Company Stock Awards and Restricted Awards.
(a) Whenever
the Committee deems it appropriate to grant a Company Stock Award,
notice shall be given to the Participant stating the number of
shares of Company Stock for which the Company Stock Award is
granted. This notice may be given in writing or in
electronic form and shall be the award agreement between the
Company and the Participant. A Company Stock Award may be made by
the Committee in its discretion without cash
consideration.
(b) Whenever
the Committee deems it appropriate to grant a Restricted Award,
notice shall be given to the Participant stating the number of
shares of Restricted Stock or number of Restricted Stock Units for
which the Restricted Award is granted and the terms and conditions
to which the Restricted Award is subject. This notice may be given
in writing or in electronic form and shall be the award agreement
between the Company and the Participant. A Restricted Award may be
made by the Committee in its discretion without cash
consideration.
(c) A
Restricted Award issued pursuant to the Plan shall be subject to
the following restrictions:
(i) None
of such shares or units may be sold, assigned, transferred,
pledged, hypothecated, or otherwise encumbered or disposed of until
the restrictions on such shares or units shall have lapsed or shall
have been removed pursuant to paragraph (h) or (i)
below.
(ii) The
restrictions on such shares or units must remain in effect for a
period of no less than one year from the Date of Grant, except as
provided under paragraph (h) or (i) in the case of Disability,
retirement, death or a Change in Control.
(iii) If
a Participant ceases to be employed by the Company or a Parent or
Subsidiary of the Company, the Participant shall forfeit to the
Company any Restricted Awards, the restrictions on which shall not
have lapsed or shall not have been removed pursuant to paragraph
(h) or (i) below, on the date such Participant shall cease to be so
employed.
(iv) The
Committee may establish such other restrictions on such shares or
units that the Committee deems appropriate, including, without
limitation, events of forfeiture and performance requirements for
the vesting of awards.
(d) Upon
the acceptance by a Participant of an award of Restricted Stock,
such Participant shall, subject to the restrictions set forth in
paragraph (c) above, have all the rights of a shareholder with
respect to the shares of Restricted Stock subject to such award of
Restricted Stock, including, but not limited to, the right to vote
such shares of Restricted Stock and the right to receive all
dividends and other distributions paid thereon. Certificates, if
any, representing Restricted Stock shall bear a legend referring to
the restrictions set forth in the Plan and the Participant’s
award agreement.
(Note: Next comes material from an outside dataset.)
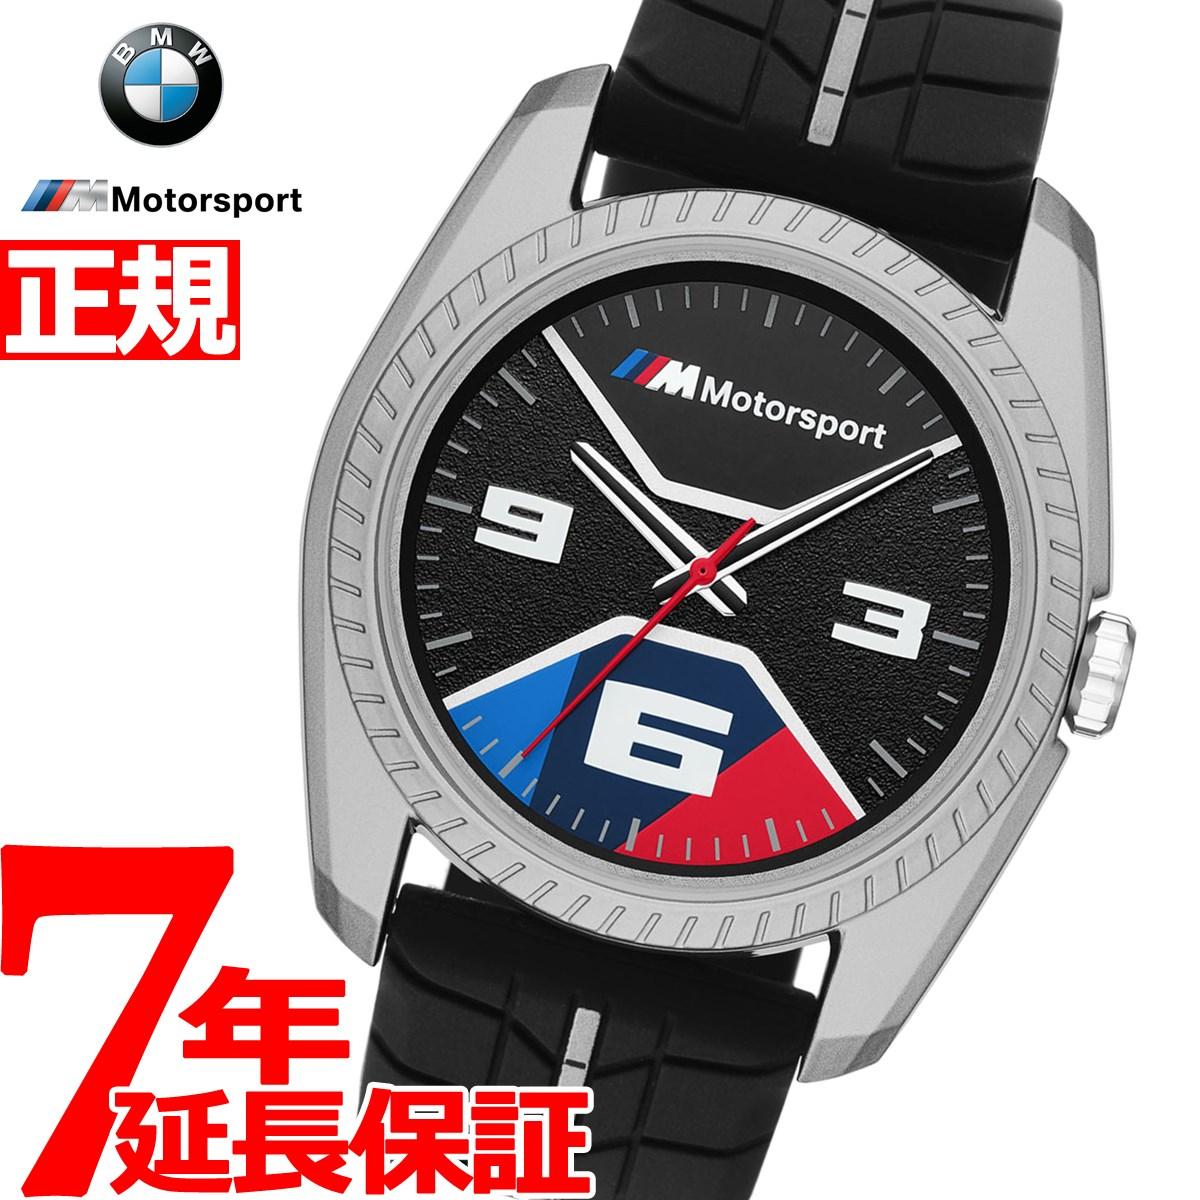 【5日0時~♪最大2000円OFFクーポン&店内ポイント最大51倍!5日23時59分まで】BMW 腕時計 メンズ Mモータースポーツ M MOTORSPORT BMW1005【2020 新作】

If shares of Restricted Stock are issued without
certificates, notice of the restrictions set forth in the Plan and
the Participant’s Award Agreement must be given to the
shareholder in the manner required by law.
(e) Each
Restricted Stock Unit shall entitle the Participant, on the
Maturity Date, to receive from the Company an amount equal to the
Fair Market Value on the Maturity Date of one share of Company
Stock subject to any limitations or enhancements on such value as
the Committee may set forth in the notice of the Restricted Stock
Unit award.
(f) The
manner in which the Company’s obligation arising on the
Maturity Date of a Restricted Stock Unit shall be paid and date of
payment shall be determined by the Committee and shall be set forth
in the Participant’s Restricted Stock Unit
agreement. The Committee may provide for payment in
Company Stock or cash or a fixed combination of Company Stock and
cash, or the Committee may reserve the right to determine the
manner of payment at the time the payment is
made. Shares of Company Stock issued as payment for a
Restricted Stock Unit shall be valued at Fair Market Value on the
Maturity Date subject to any limitations or enhancements on such
value as the Committee may set forth in the notice of the
Restricted Stock Unit award.
(g) A
Participant receiving an award of Restricted Stock Units shall not
possess any rights of a shareholder with respect to the Restricted
Stock Units and shall be entitled to receive payments equivalent to
dividends and other distributions paid on shares of Company Stock
only to the extent set forth in the Restricted Stock Unit
agreement.
(h) The
Committee shall establish as to each Restricted Award the terms and
conditions upon which the restrictions set forth in paragraph (c)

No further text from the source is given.